The APPO began acting as a shadow government opposed to Ruiz’s, and it inspired enough support from Oaxacans to take control of the capital city’s central square, or zocalo, as well as the radio station at its university.

But on Oct. 31, after rumors of state-directed death squads and assinations made their way to the nation’s capital, Mexican President Vicente Fox ordered federal police and internal security agents to Oaxaca, with directions to recapture the zocalo. The raid was successful, but it resulted in warrantless arrests, beatings and disappearances.

Leo Garcia, an activist who returned from Oaxaca about a month ago, addressed the St.

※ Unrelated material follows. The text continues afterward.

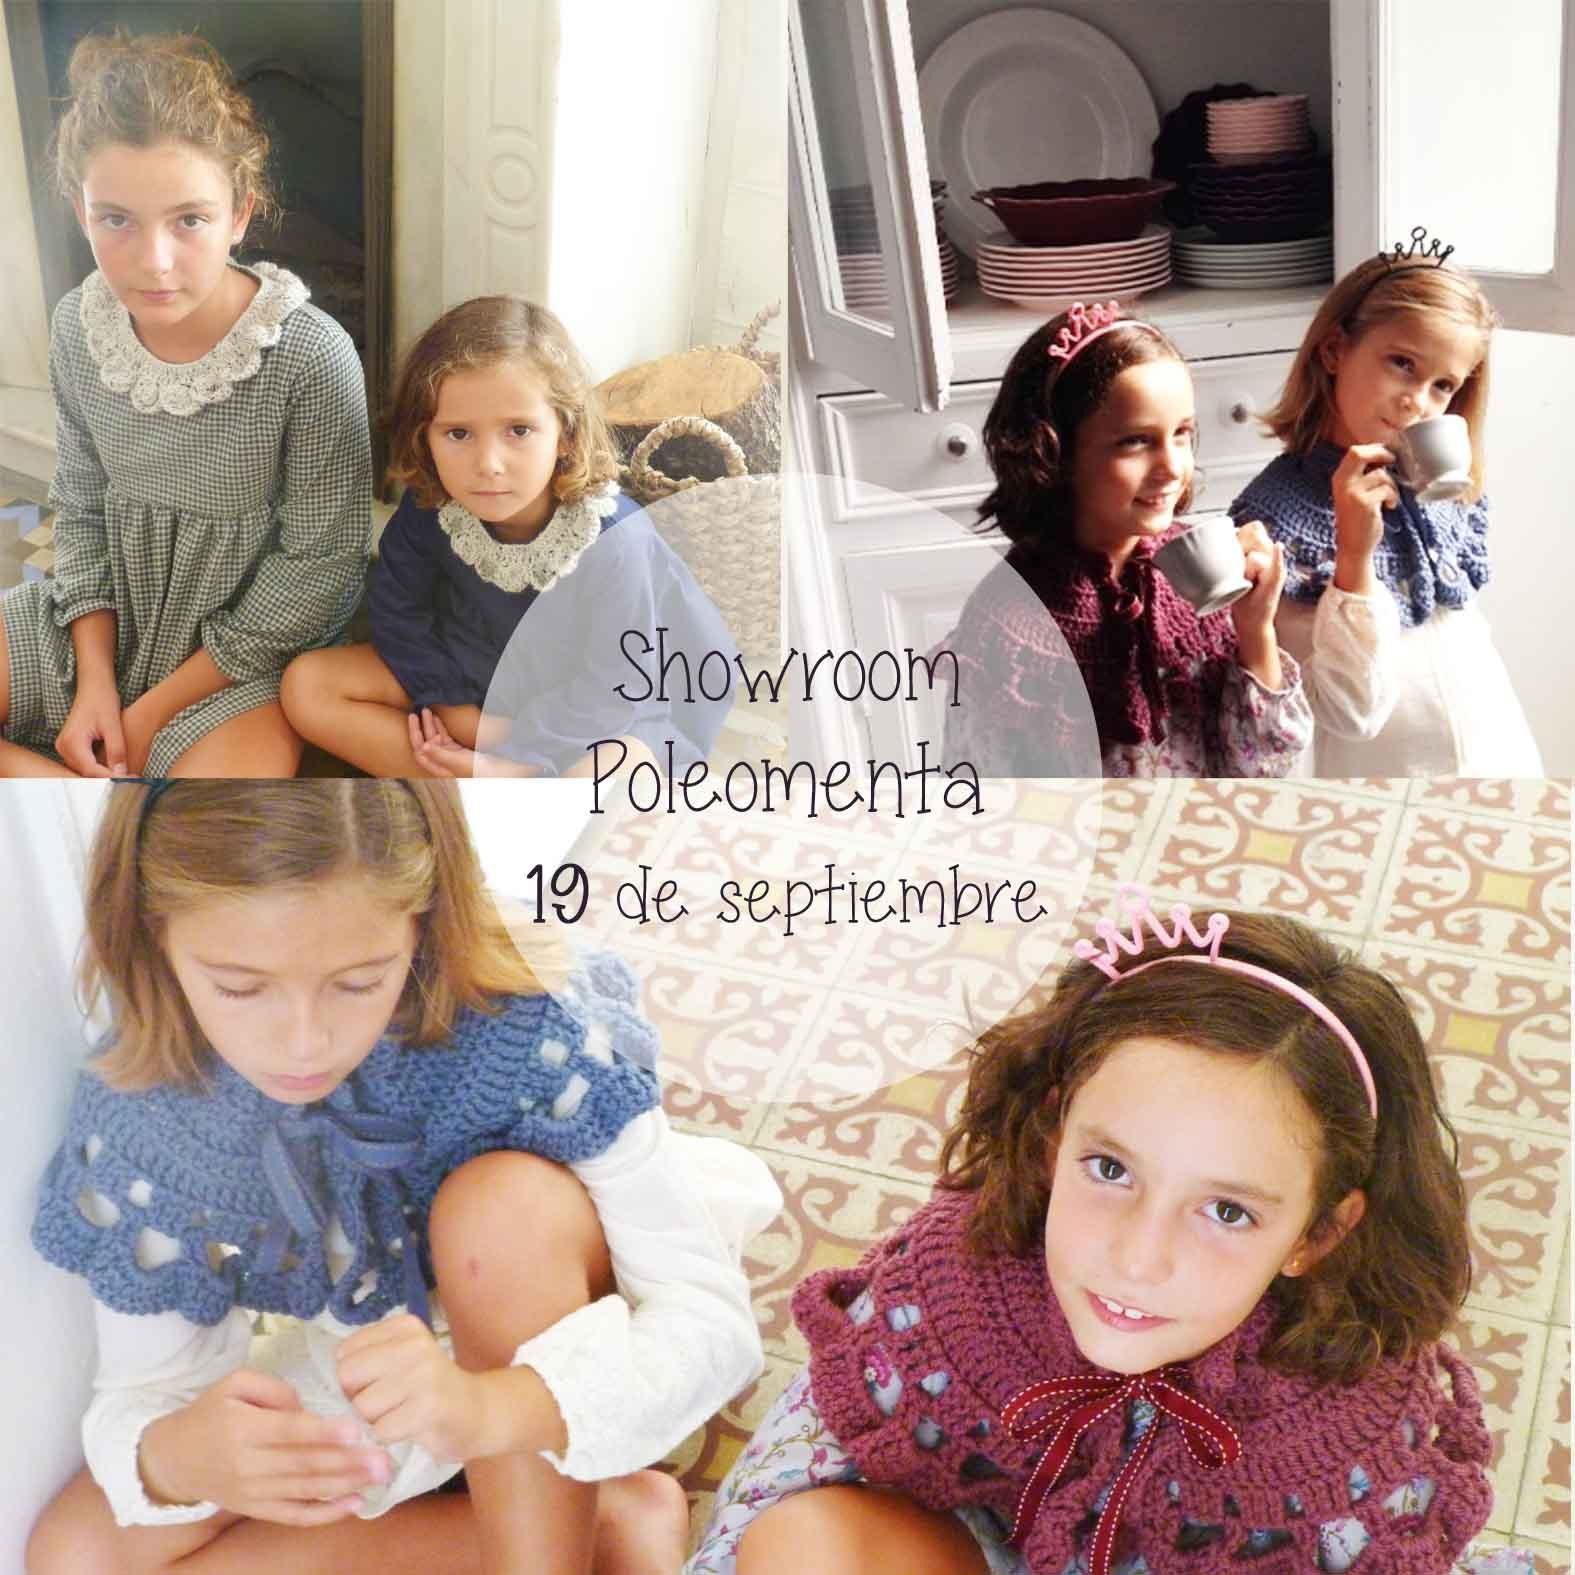 Otoño-invierno 2014 by Poleomenta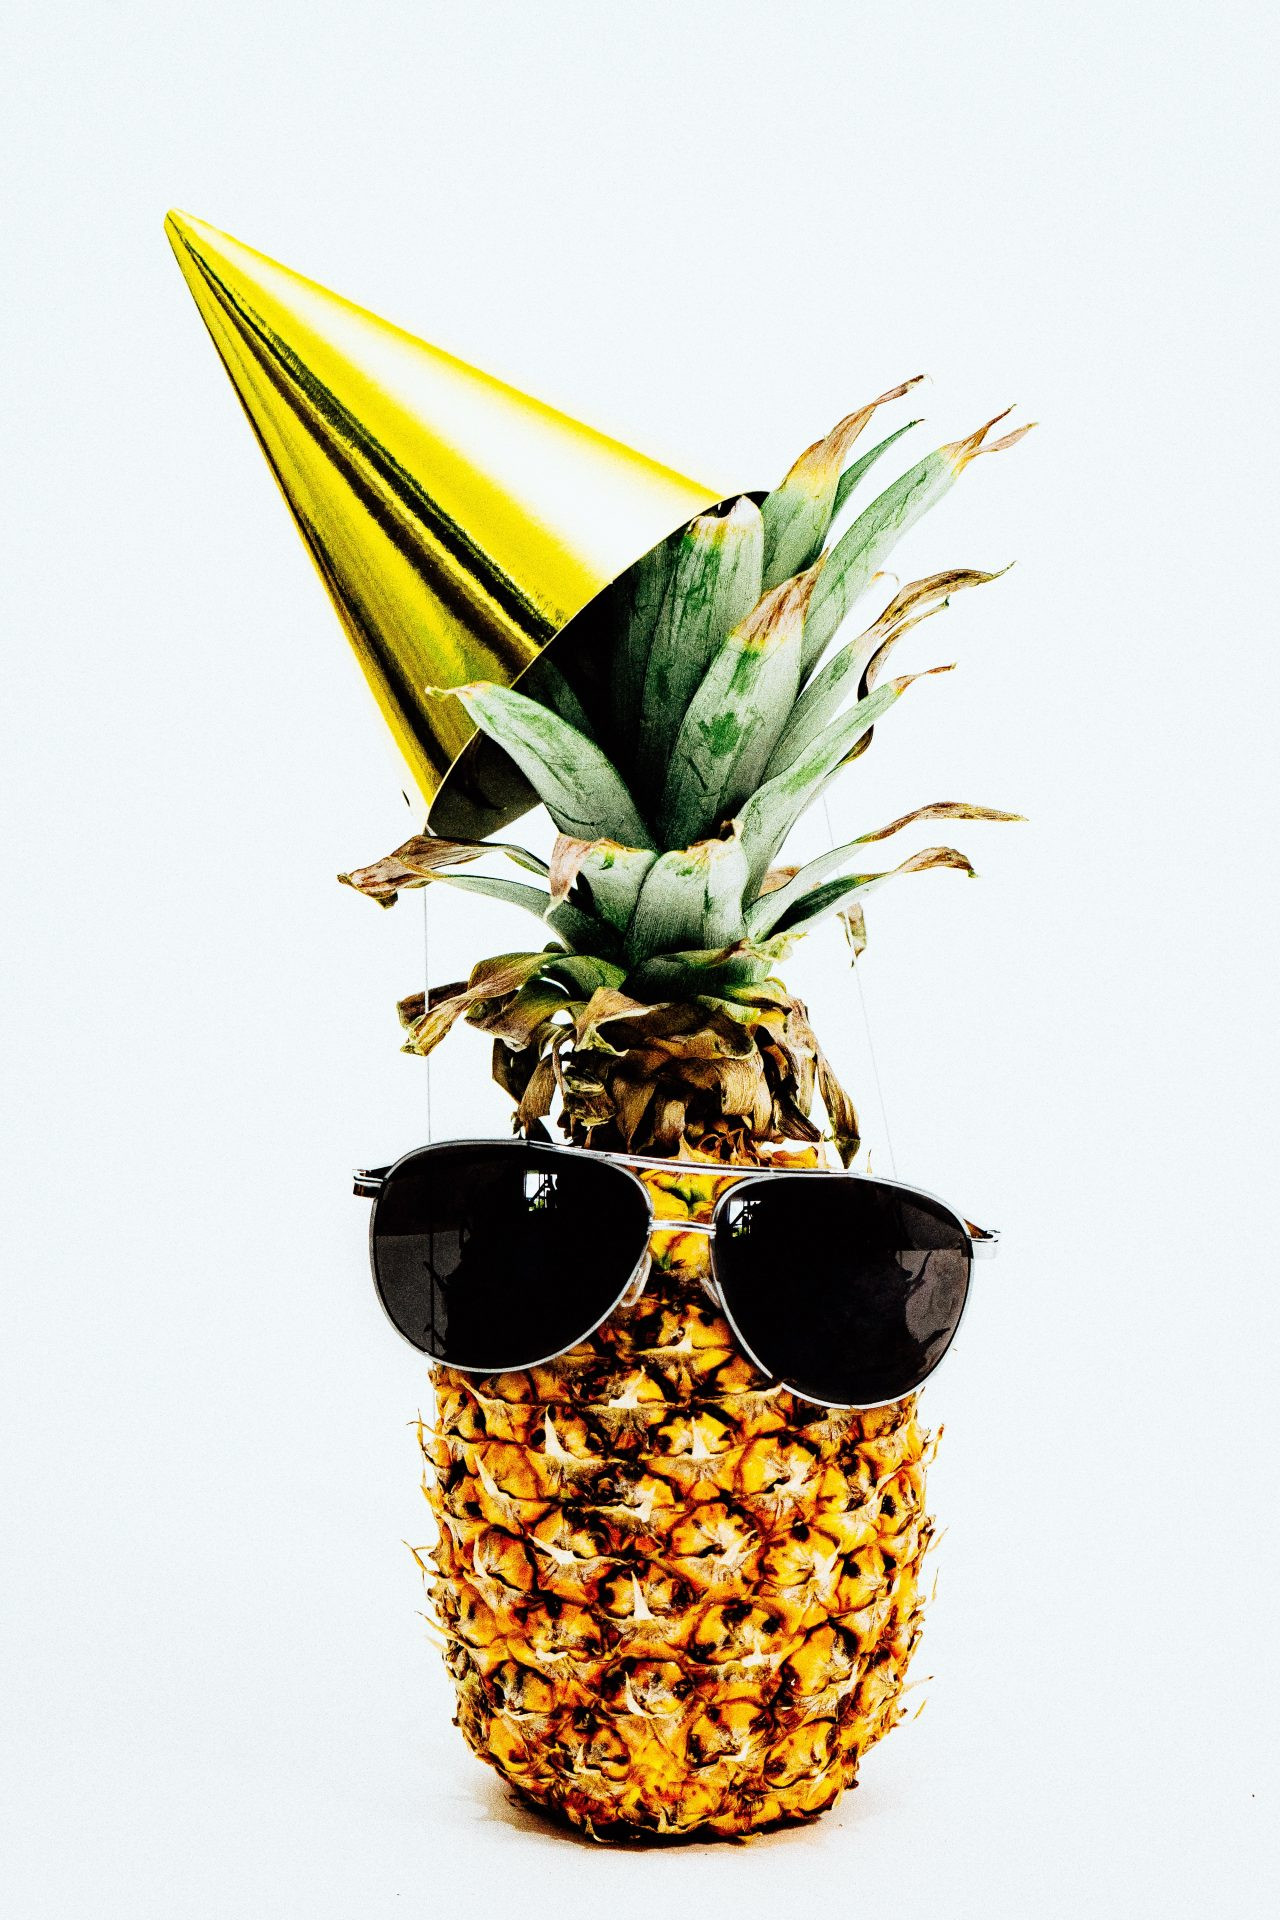 birthday-celebrate-decoration-1071878-1280x1920.jpg

Paul Labor Speakers Club Nov. 27. He detailed 14 clashes between police and protestors at different points throughout the city.

“At some points the police began to shoot 9-millimeter guns into the crowd,” Garcia said. “Police squads fired on three youths, taking two of their bodies.”

For Garcia, anxiety has begun turning to despair.

“It’s kind of hard to see a social movement repressed into submission, which is what (the Mexican government) is trying to do,” he said. “Leaders are detained, there are warrants for others and people are in hiding.”

Garcia agreed with an organizer for the Minneapolis-based Resource Center of the Americas, Eduardo Cardenas, that renewed hope in Oaxaca depends on international interest.

“It seems that Oaxaca is in desperate need of international solidarity,” Garcia said. “Teachers unions and workers in different sectors need to step up.”

In St. Paul, public school teachers made solidarity with Oaxacan teachers a central theme of their union’s celebration honoring the anniversary of St. Paul teachers’ walkout 60 years ago. Still, demonstrations in front of the local Mexcian consulate here have been sparsely attended, according to Cardenas. Media coverage, meanwhile, has been almost non-existant.

That disappoints Cardenas, who still holds out hope – perhaps the most powerful of emotions – that the struggle begun by the Oaxacan teachers and carried on by the APPO will not be in vain.

“Beyond the teachers’ demands, this has larger implications,” Cardenas said. “Here’s a process being undertaken to create a democratic system where there has not been one.

“That’s very scary to a lot of people in Latin America who (fear) this could ecourage people to take on similar actions. But as scary as it is to people like Vicente Fox, it is inspiring for people in places like Colombia, who look at the people of Oaxaca as an example, creating a fair, more participatory society.”